I am trying to understand the presence of complex hopping amplitudes in Hubbard-like lattice models. The hopping term features the so called "Peierls phase": $$ - t\sum_{j=1}^L \left( c_{j+1}^\dagger c_{j} e^{+i\frac{\Phi}{L}} + c_{j}^\dagger c_{j+1}e^{-i\frac{\Phi}{L}} \right) $$ where $L$ is the number of lattice sites and periodic boundary conditions are assumed, meaning that $j=L+1 \equiv 1$. Hence, we are dealing with a ring lattice.
In Literature, I have read that this hopping terms is what you get if the ring is rotated with angular frequency $\Omega$ , upon transforming from the laboratory frame into the rotating frame. In the latter frame, there is Coriolis force, which is analogous to having a magnetic flux $\Phi=2 \pi m R^2\Omega/\hbar$ through the ring.

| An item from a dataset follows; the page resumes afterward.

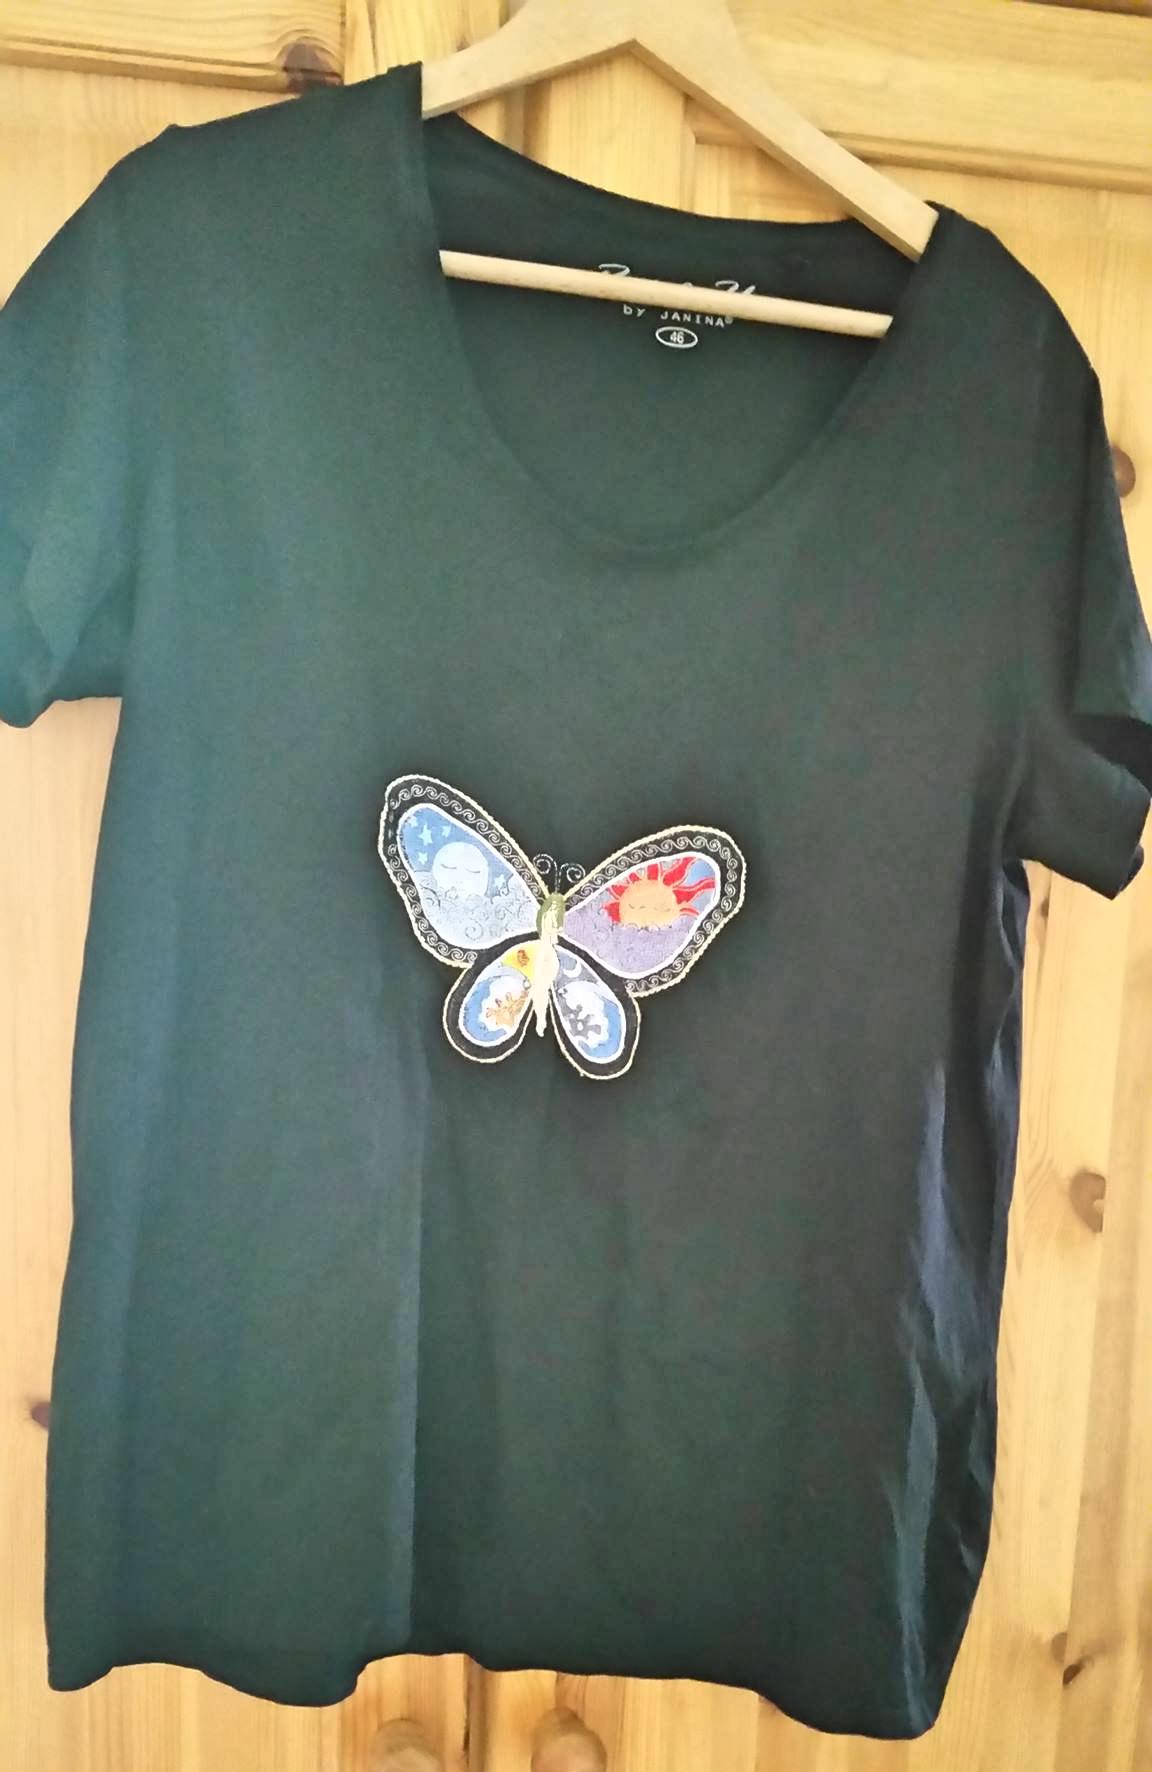 Embroidered t-shirt with fantastic butterfly free design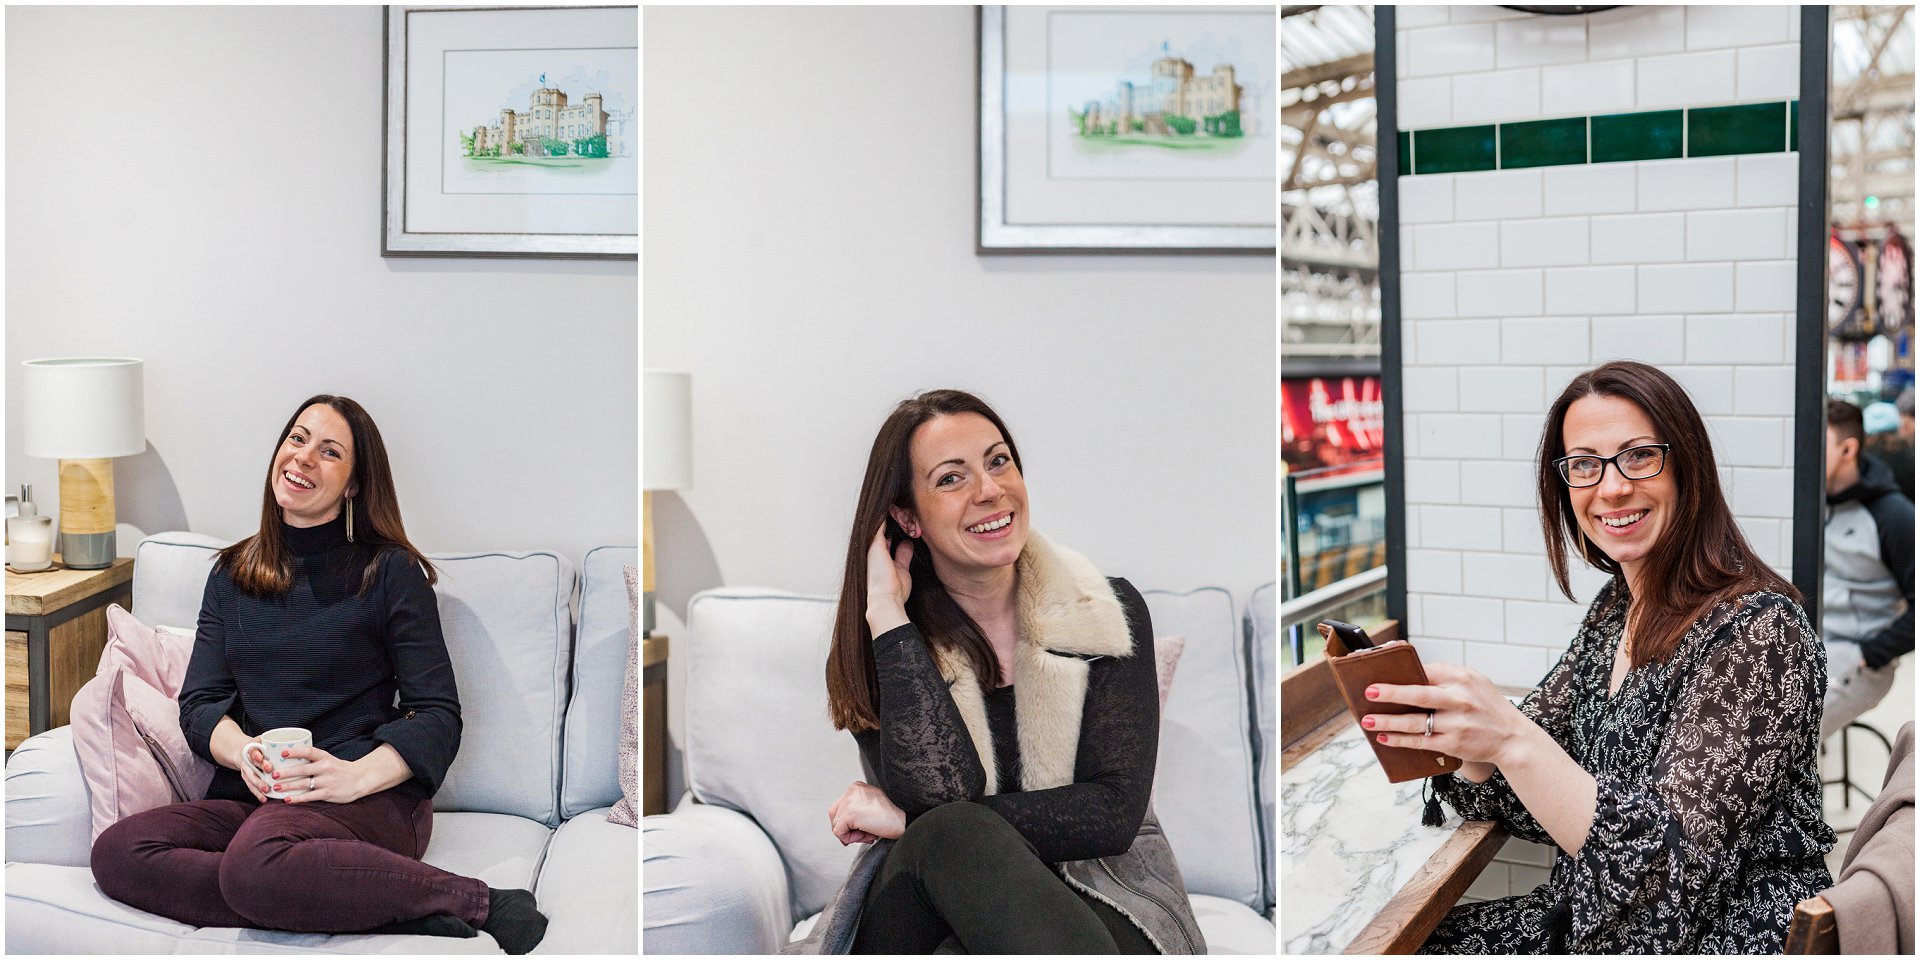 Personal branding portraits at home and commuting into London.  Images by AKP Branding Stories

I would like to understand why a rotation is formally equivalent to the presence of a magnetic flux. More specifically: if this magnetic flux $\Phi$ is constant in time, the associated electric field $\vec{E}=-\partial\vec{A}/\partial t$ should be zero, and so there shouldn't be any driving force acting tangentially.